The Environment
  • Vanghat - Where conservation meets tourism.
    Times of India
  • woke up one morning to find tiger footprints right outside his hut…
    Mint (weekend edition of the Hindustan Times)
  • Vanghat lies in total seclusion with the meandering Ramganga virtually cutting it off from human habitation
    Darpan (in-flight magazine of Indian Airlines)
  • plenty of other wildlife too – from curious otters that come to check you out to the odd sambhar passing by..
    Outlook Traveller
  • Nine villages made direct beneficiaries in the landmark community based tourism initiative
    Furs, Fins and Feathers
  • One of the most isolated jungle lodges in India, Vanghat is truly breathtaking
    Pike and Predator

Working with our environment

When the area was first taken over in 1999, the land had degenerated due to the large number of cattle that were once grazed here and was overrun with the prolific invasive plant species, lantana. Even before the cottages of Vanghat were constructed, the first step was habitat restoration. Indigenous broad-leafed saplings and fruit trees were been planted specially to attract all manner of birds and today almost 5000 plants have converted Vanghat's setting into a riverine paradise, once again rich with mammal and avian species that blends into the protected reserve area which we see ourselves as an extension of.

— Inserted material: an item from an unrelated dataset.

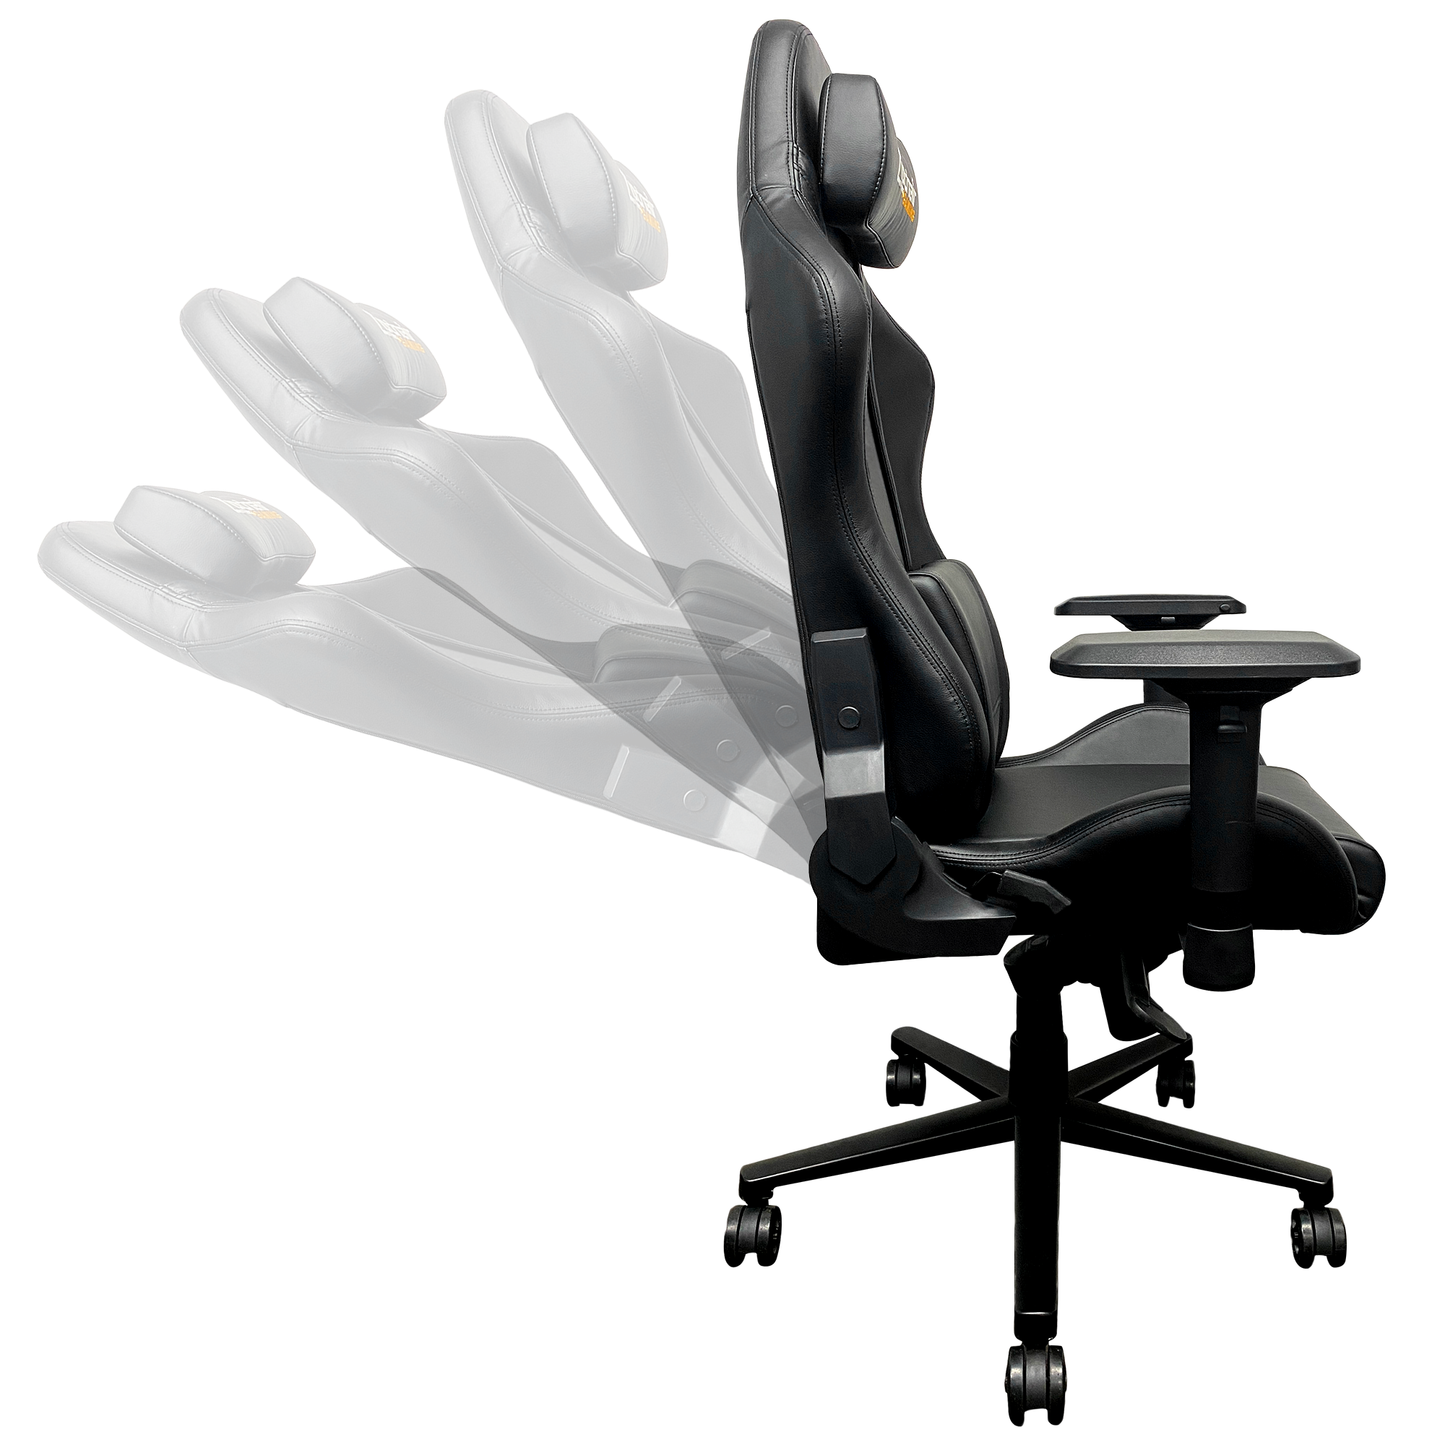 Xpression Pro Gaming Chair with Pittsburgh Penguins Logo

Being situated within a valley, the lodge exists along a natural wildlife corridor, so having the lowest possible impact local wildlife is paramount. With no fencing and outdoor lighting limited to candles and a camp fire, Vanghat often sees wandering groups of elephant pass gracefully right through the property. That these giants now arrive in herds rather than as solitary bulls as seen in the past is testimony to our work on regenerating the wilderness. Other herbivores have increased too as a result of which we now see carnivore such as tiger and leopard, with pug marks and alarm calls from various deer species an almost daily occurrence.

We are continuing to find new ways to make Vanghat as environmentally friendly as possible. We encourage our guests to drink RO filtered water instead of bottled, use of as much local produce as possible in the creation of our wholesome and varied meals and have equipped our cottages with energy saving fans instead of air condition. Toiletries provided are all organic and biodegradable. We are also working towards obtaining as much electricity as we can from solar panels. Our walking safaris are of low impact by their very nature and our golden masher catch-and-release fishing twinned with it's community element has proved to be more than sustainable; the mantra of 'take only photographs, leave only footprints' is certainly fitting at Vanghat!